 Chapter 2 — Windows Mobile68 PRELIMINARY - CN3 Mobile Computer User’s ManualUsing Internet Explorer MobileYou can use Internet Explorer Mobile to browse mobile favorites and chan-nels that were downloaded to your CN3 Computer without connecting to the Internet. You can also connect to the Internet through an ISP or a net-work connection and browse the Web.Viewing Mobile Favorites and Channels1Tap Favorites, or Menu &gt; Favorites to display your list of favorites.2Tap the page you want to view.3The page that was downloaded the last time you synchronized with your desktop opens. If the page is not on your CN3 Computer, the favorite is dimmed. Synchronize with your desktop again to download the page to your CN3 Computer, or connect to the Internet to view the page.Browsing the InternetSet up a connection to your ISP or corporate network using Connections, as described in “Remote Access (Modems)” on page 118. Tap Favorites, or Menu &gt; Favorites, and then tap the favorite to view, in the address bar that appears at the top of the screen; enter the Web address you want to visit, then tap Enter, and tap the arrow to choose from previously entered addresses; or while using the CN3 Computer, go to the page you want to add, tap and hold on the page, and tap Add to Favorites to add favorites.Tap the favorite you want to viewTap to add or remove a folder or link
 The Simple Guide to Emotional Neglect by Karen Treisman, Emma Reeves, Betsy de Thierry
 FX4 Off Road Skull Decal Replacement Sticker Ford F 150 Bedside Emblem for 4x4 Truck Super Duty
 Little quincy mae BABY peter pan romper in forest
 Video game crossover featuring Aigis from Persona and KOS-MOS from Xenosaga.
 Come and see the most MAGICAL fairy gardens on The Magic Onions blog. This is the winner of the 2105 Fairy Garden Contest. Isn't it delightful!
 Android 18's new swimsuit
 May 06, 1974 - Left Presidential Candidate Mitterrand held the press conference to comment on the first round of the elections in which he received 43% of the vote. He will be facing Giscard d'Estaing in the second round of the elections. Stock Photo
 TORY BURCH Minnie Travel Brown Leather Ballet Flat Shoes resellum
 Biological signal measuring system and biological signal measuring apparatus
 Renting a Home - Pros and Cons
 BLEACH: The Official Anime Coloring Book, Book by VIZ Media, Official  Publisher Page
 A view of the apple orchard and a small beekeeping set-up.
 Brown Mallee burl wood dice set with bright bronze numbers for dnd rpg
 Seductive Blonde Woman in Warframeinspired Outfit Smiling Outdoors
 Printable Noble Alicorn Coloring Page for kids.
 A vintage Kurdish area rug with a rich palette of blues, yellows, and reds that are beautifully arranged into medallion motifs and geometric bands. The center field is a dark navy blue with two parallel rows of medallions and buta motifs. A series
═══
The task =>
In the listing above, the lines from the one containing "The Simple Guide" through the one containing "Video game crossover" must be set down exactly, with no other lines.

Solution to this problem =>
 The Simple Guide to Emotional Neglect by Karen Treisman, Emma Reeves, Betsy de Thierry
 FX4 Off Road Skull Decal Replacement Sticker Ford F 150 Bedside Emblem for 4x4 Truck Super Duty
 Little quincy mae BABY peter pan romper in forest
 Video game crossover featuring Aigis from Persona and KOS-MOS from Xenosaga.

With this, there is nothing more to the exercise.